More Christmas Cheer

Christmas Day I went to another Pase del NiƱos outside of Cuenca and then went with my friend Tere and her family to eat carne asado. Early the next morning I headed back down south and had lunch with Ashley and Selena in Machala. Then I spent another three hours on the bus to Zaruma, an old mining town a few hours inland from the coast, where I visited Benito and Sara. There are rolling green mountains and banana plants and old wooden architecture dating to the 1500´s and there is excellent coffee, which if all goes according to plan a few lucky family members of mine will receive in the States. We did a hike in the rain and then I lay in Benito´s hammock and read more John Dos Passos. Then it was back to Cuenca where I met up with Angie, a friend of Risa and Jordan from Quito. She talked me into going out to Cajas National Park to spend the night and I packed my sleeping bag and my heavy winter jacket (Cajas is really high up) , but after a long day of hiking with a lot of stuff on our back, Angie decided to my great relief that really all the time you needed in Cajas is one day and we went back to Cuenca and slept very soundly in my apartment. I thought that I was getting into better shape, but found that hiking at high altitude was really almost more than I could handle.
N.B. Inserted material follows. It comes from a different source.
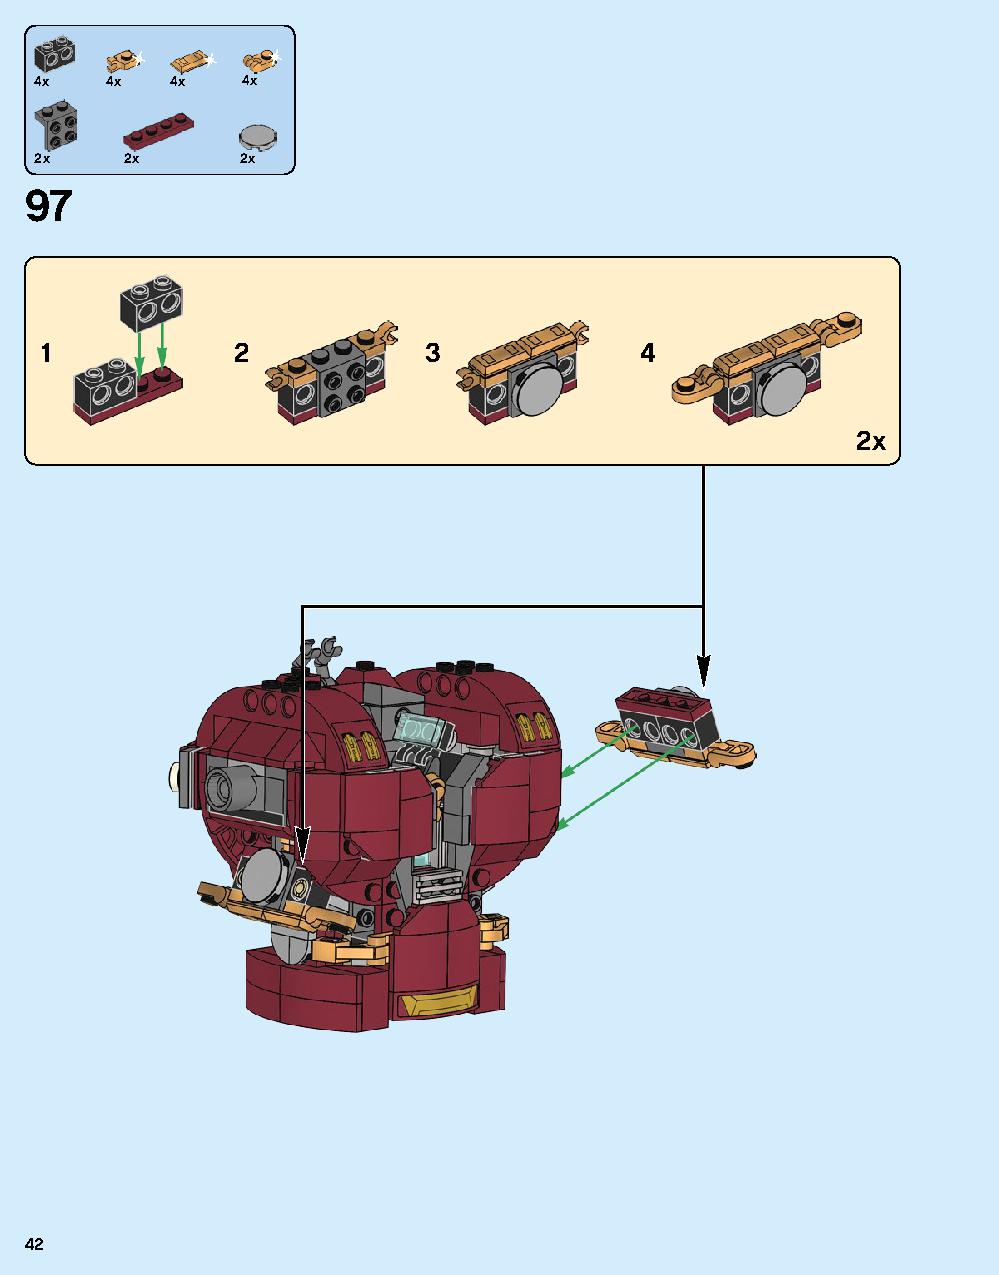 ハルクバスター：ウルトロン・エディション 76105 レゴの商品情報 レゴの説明書・組立方法 42 page

Tonight we have a little dinner party with friends here and hopefully will get to see the New Years celebration in Cuenca.

Sunday, December 24, 2006

And the bells are ringing out for Christmas Day

Kirsty McCall and the Pogues have a song..."When you first took my hand on that cold Christmas Eve, you promised me Broadway was waiting for me..."

I don´t have that around here, but I did listen to 2000 miles by the Pretenders about 30 times yesterday.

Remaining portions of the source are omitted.